The latest US growth figures highlight the central bankers’ dilemma. A combination of rising infections, bottlenecks and less stimulus from the federal government in Washington led to a marked slowdown in the economy in the third quarter. While slower growth should eventually mean lower inflation, markets are determined to test the resolve of Lagarde et al. As Sir Alex Ferguson once said: it’s squeaky bum time.

Brown is right on vaccine stockpiling

Little is expected of the meeting of the G20 summit in Rome this weekend and that’s a shame because the idea of asking the leaders of the biggest developed and developing countries to sort out the world’s problems has much to commend it.

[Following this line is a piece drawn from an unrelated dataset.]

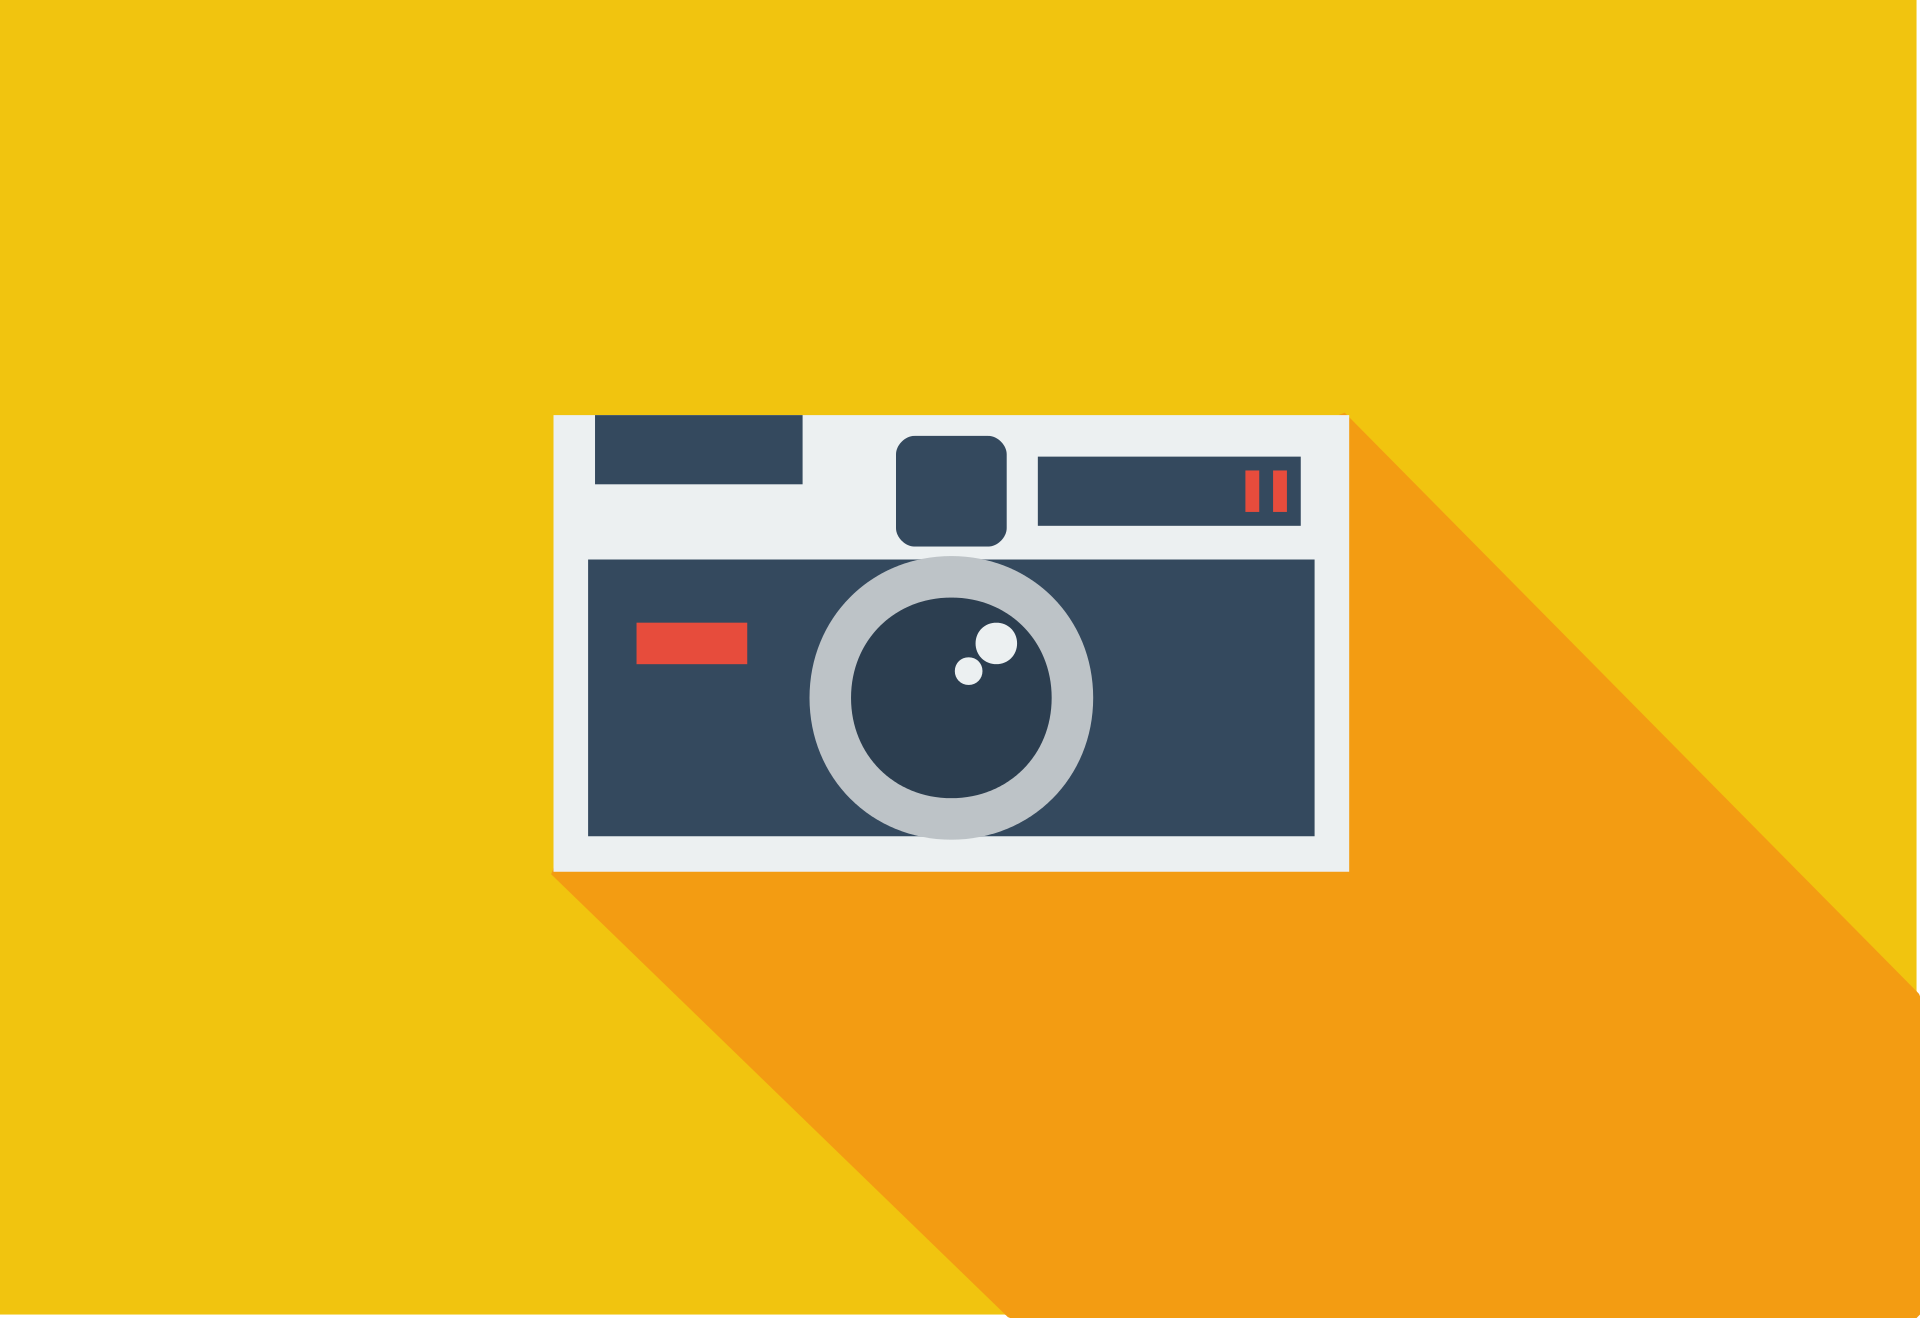 appareil photo, photographie, flat design, design plat, Jaune - Fonds d'écran HD - Professor-falken.com

Gordon Brown certainly thinks it is time for the G20 to get its act together. For months he has been urging action that would end the hoarding of vaccines by rich western countries and he is now behind a letter from 160 members of the global great and good demanding fairer distribution of jabs.

Vaccine programmes are working but not everywhere. As the letter says, it is not just that G20 countries have secured 89% of the delivery contracts from pharma companies; it is also that they are due to get 71% of future deliveries. Vaccines stockpiled in the west will go to waste at a time when almost 100 developing countries are struggling to get their programmes off the ground. Brown calls this the “biggest international public policy failure of our times” and he is absolutely right.